● Assigned task
Extract all lines in the data that contain the word "chicken".

● Collected data
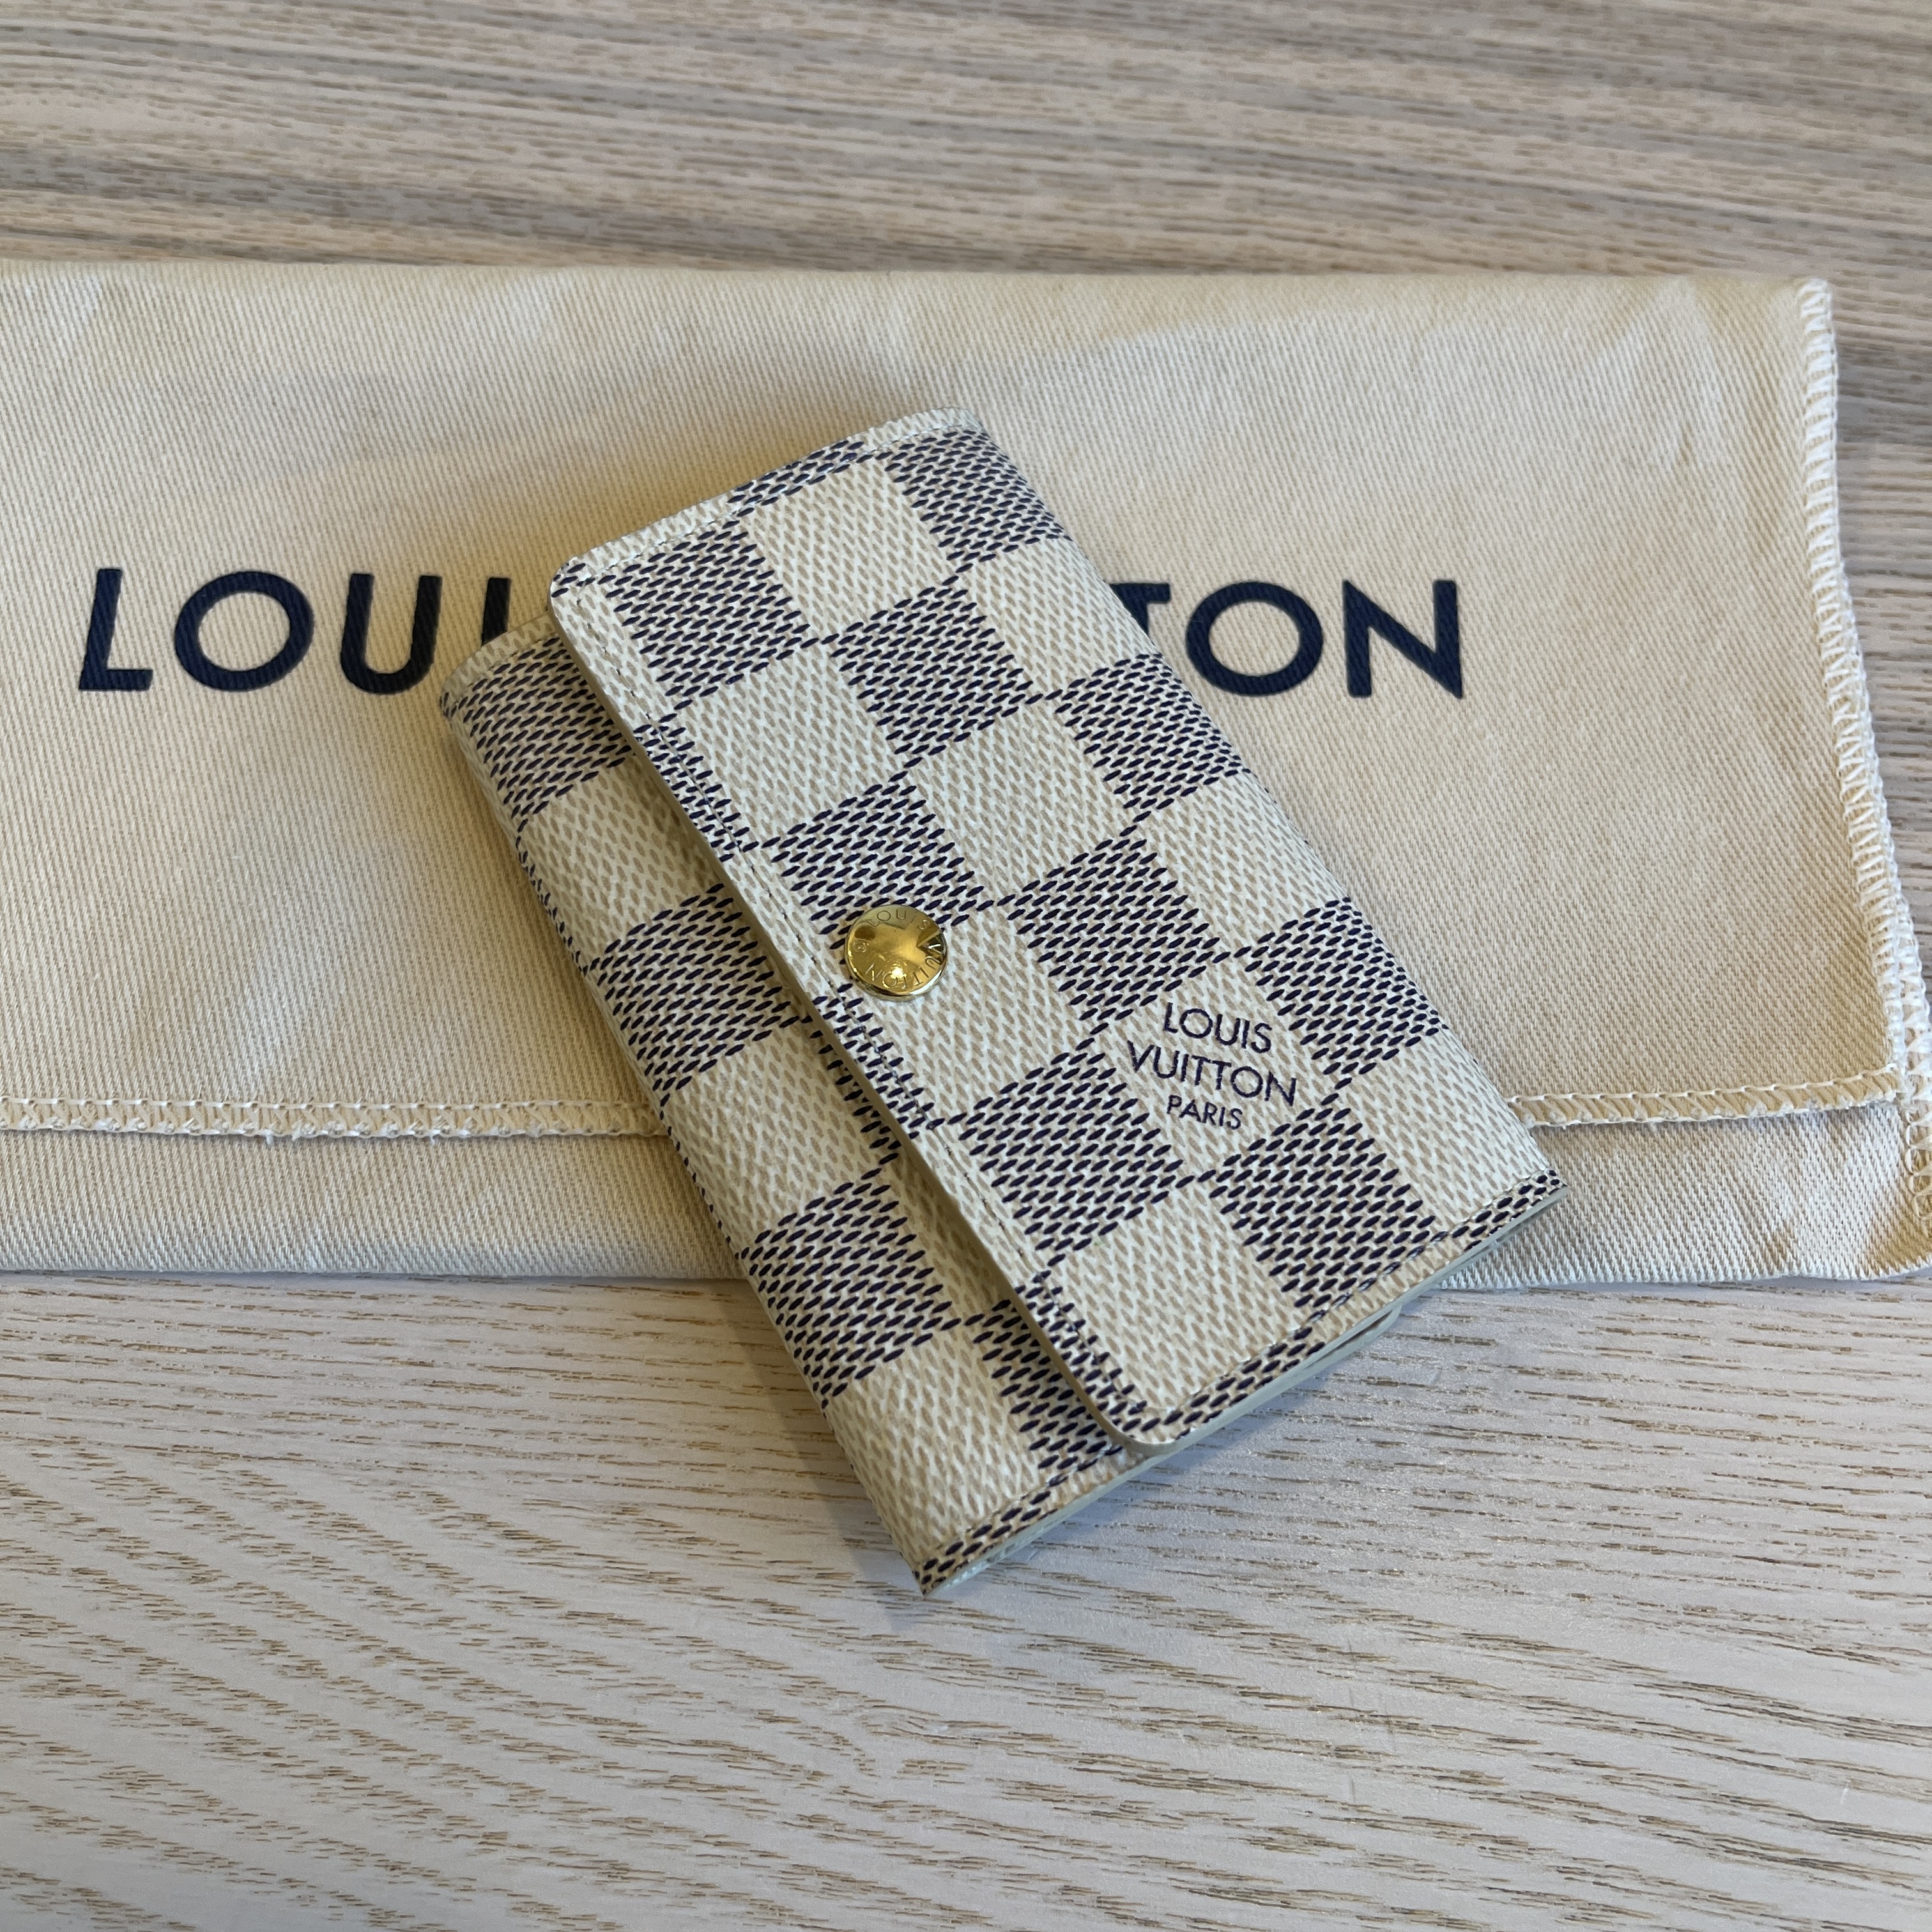 Louis Vuitton 6 Ring Key Holder
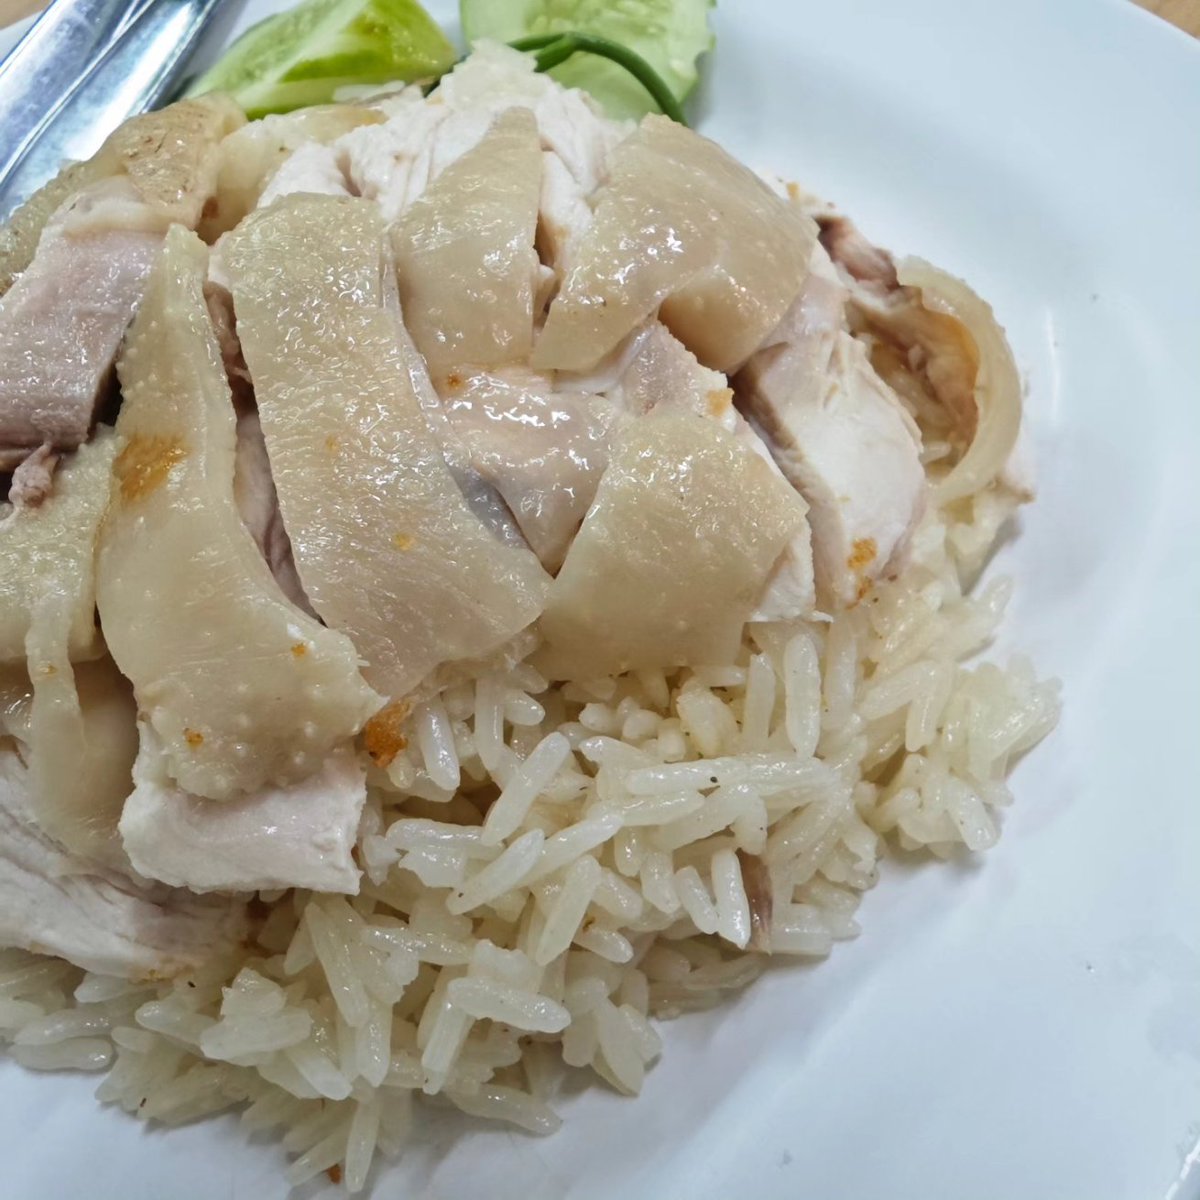 .

ข้าวมันไก่ : steamed rice topped with chicken

#rice #chicken #steamed  #food #thaifood #delicious   #foodstylist #foodphoto #foodphotography #foodphotographer #foodoftheday #dessertoftheday #pictureoftheday #photooftheday   #xiaomi14ultra​ #xiaomi #thailand

● Response to this exercise
ข้าวมันไก่ : steamed rice topped with chicken
#rice #chicken #steamed  #food #thaifood #delicious   #foodstylist #foodphoto #foodphotography #foodphotographer #foodoftheday #dessertoftheday #pictureoftheday #photooftheday   #xiaomi14ultra​ #xiaomi #thailand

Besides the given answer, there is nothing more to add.